Hutang budi dunia pendidikan Indonesia terhadap para lulusan SPG ini (yang sudah bersusah payah mendidik anak bangsa) tentunya harus disikapi secara benar oleh dunia pendidikan itu sendiri. Mungkin, sekarang kita bisa berkata "terima kasih kepada pemerintah yang sudah mengangkat guru honorer menjadi PNS".
Namun, kalau kita kaji lebih dalam lagi, betapa ruginya mereka. Bayangkan, selama belasan tahun mereka mengajar hanya menerima gaji tidak lebih dari 5% gaji PNS. Bagaimana dengan yang 85%nya? bukankah mereka sudah menghabiskan waktunya untuk kegiatan pendidikan dengan volume kerja sama dengan mereka yang sudah menerima gaji 100%?
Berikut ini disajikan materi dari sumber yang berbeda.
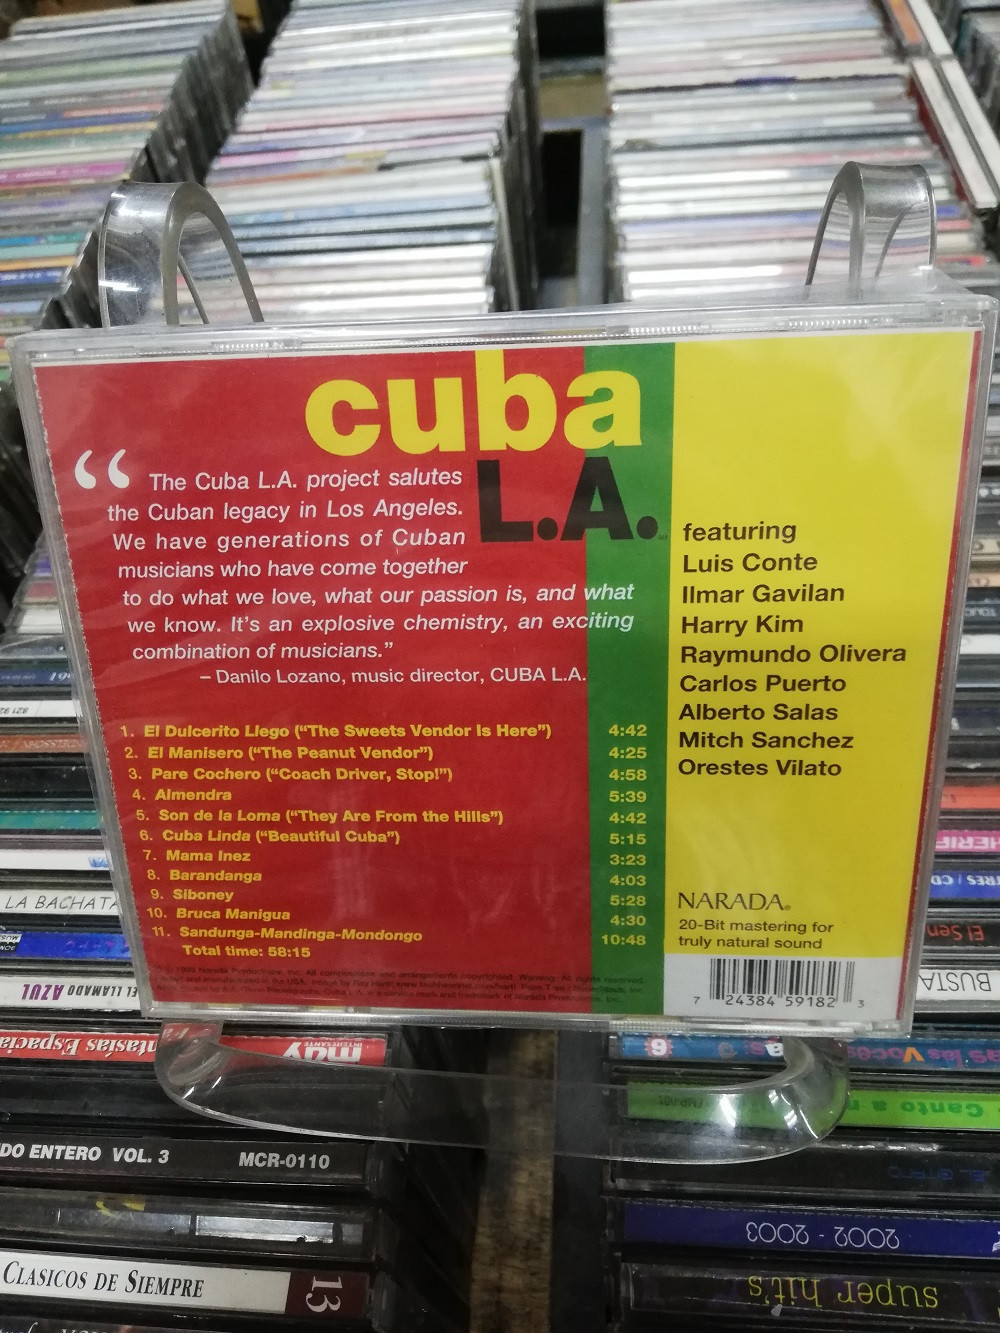 Imagen CD NUEVO CUBA L.A. 2
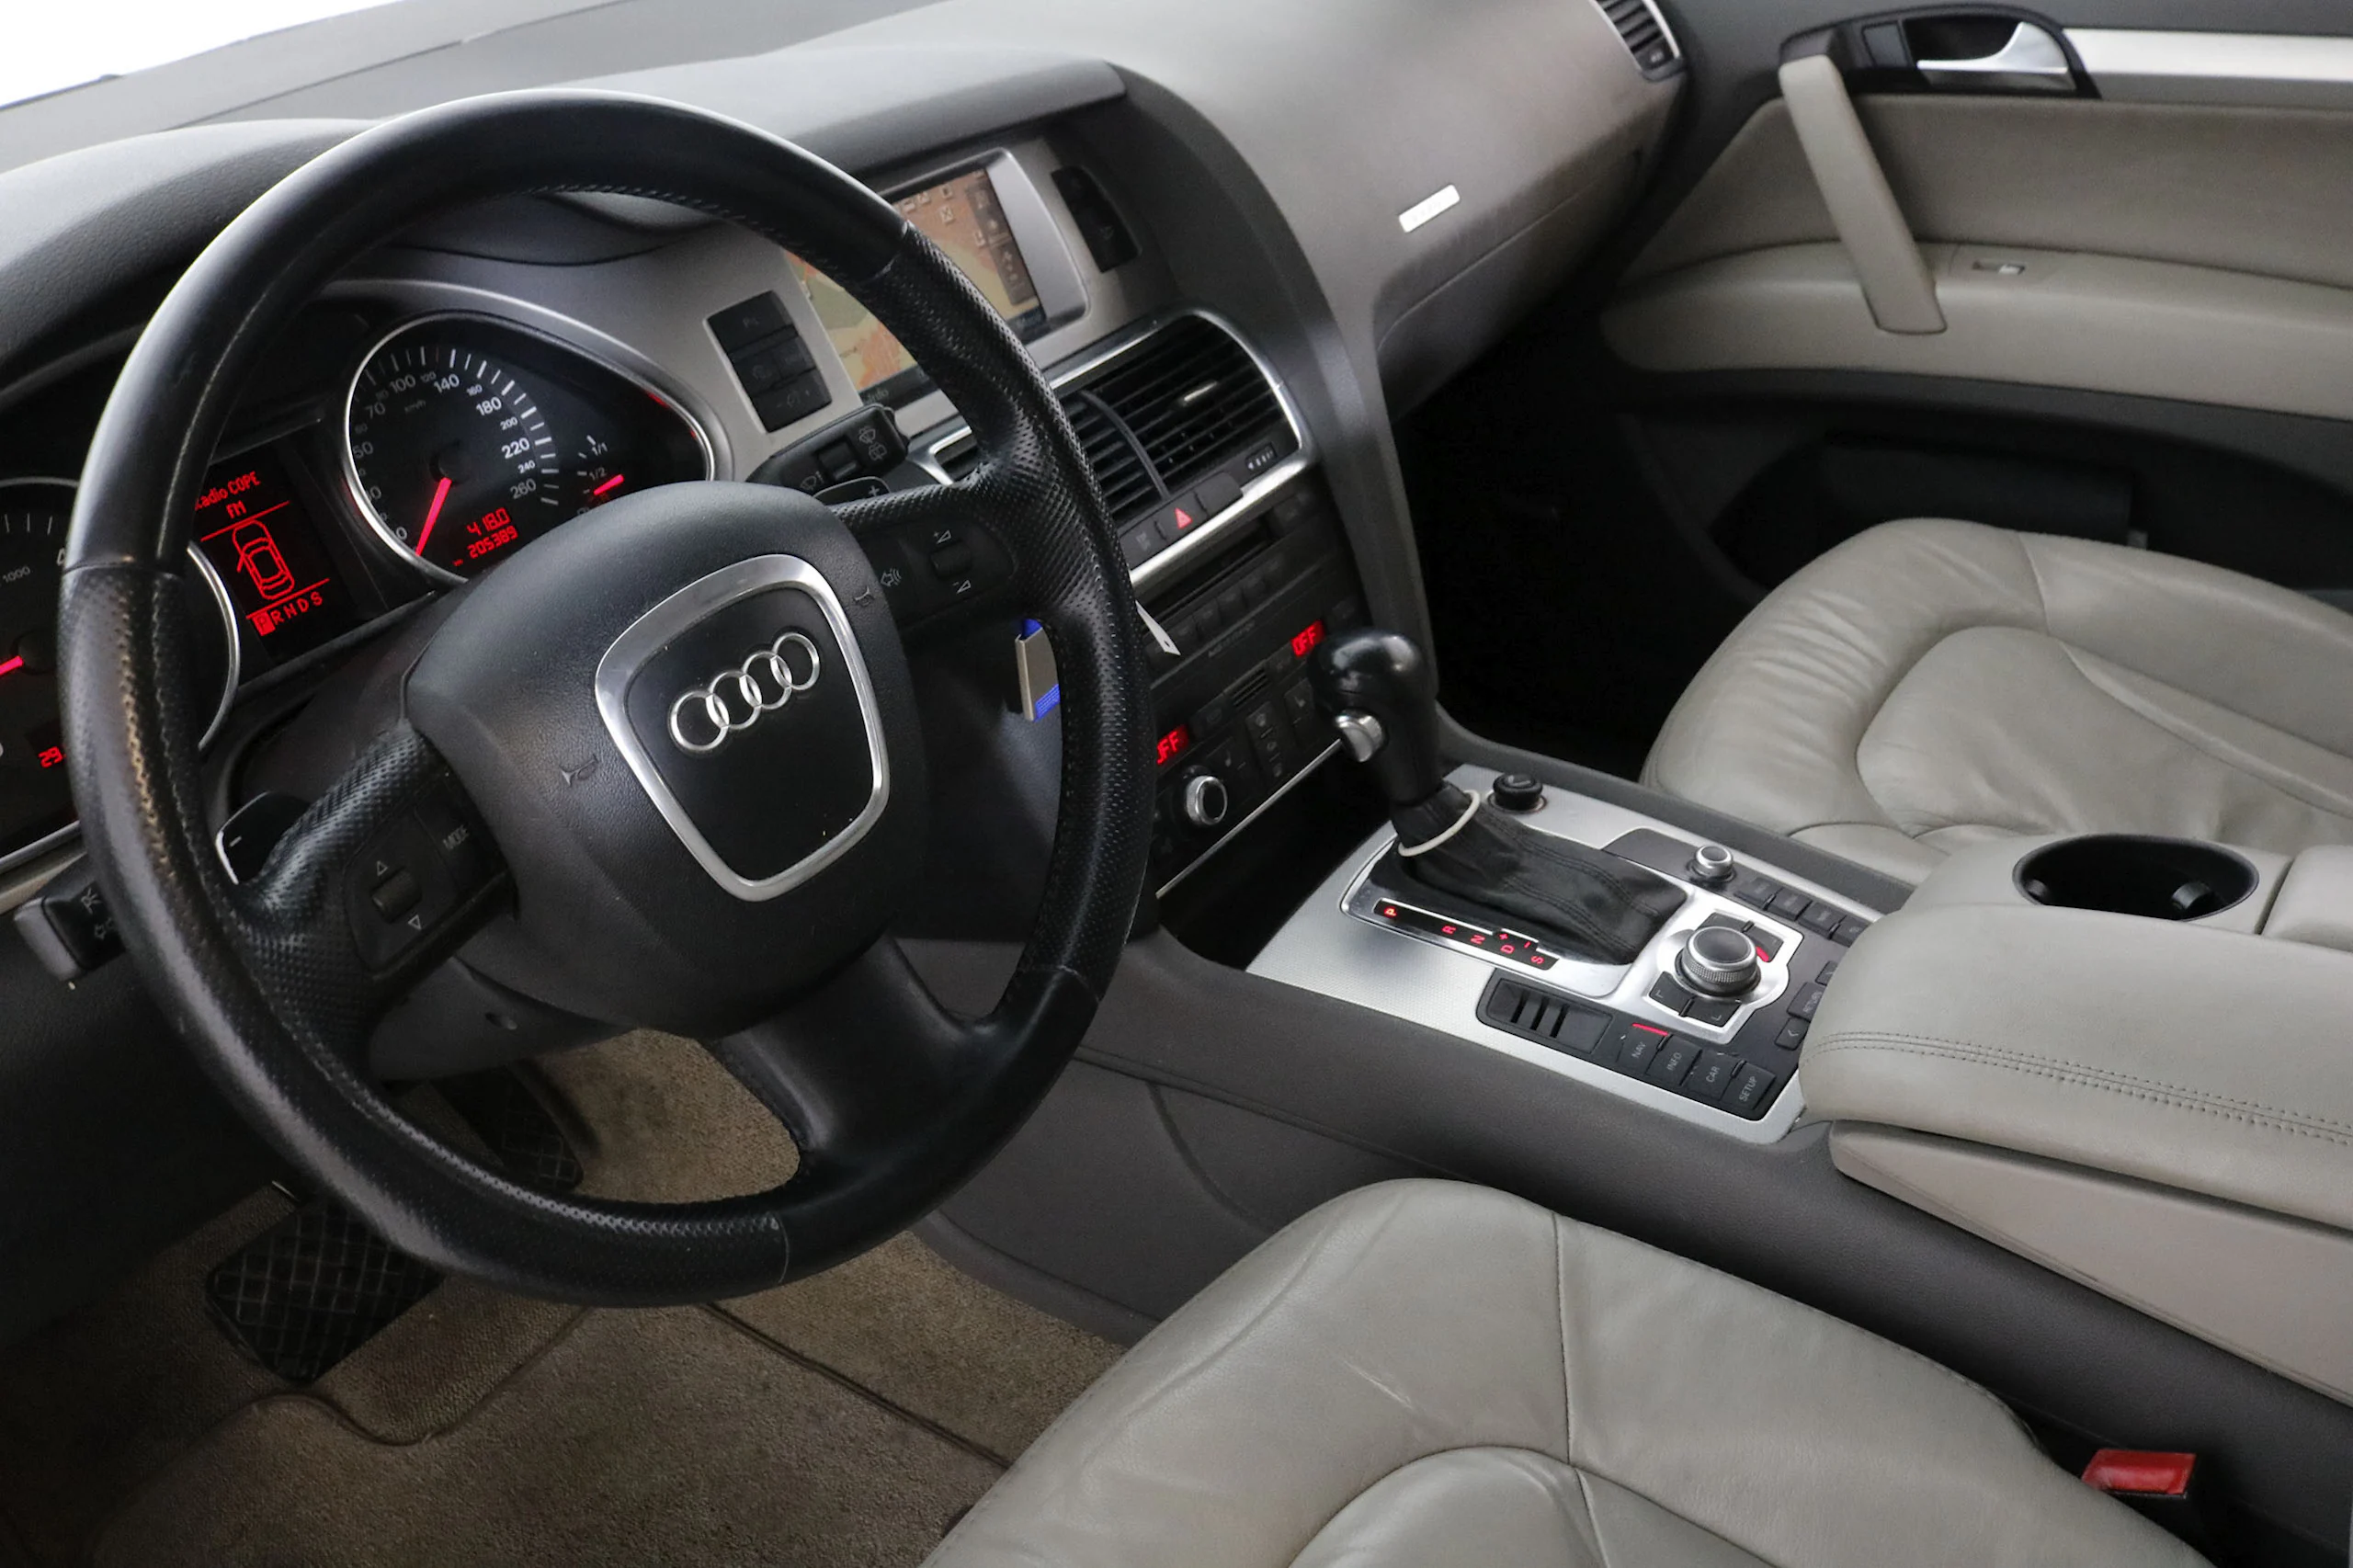 Audi Q7 3.0 TDI 232cv QUATTRO Auto 5P # CUERO,NAVY,BOLA - Foto 18

Tapi, untungnya logika insan SPG tidak semacam itu, mereka sudah cukup puas dengan pengangkatan mereka sebagai PNS, waktu terbaik mereka yang secara ekonomi dibuang sia-sia itu tidak pernah mereka risaukan, karena sejak mereka melangkahkan kaki memasuki gerbang SPG Negeri Cirebon, mereka sudah punya mimpi. Mimpi seorang paedagoog...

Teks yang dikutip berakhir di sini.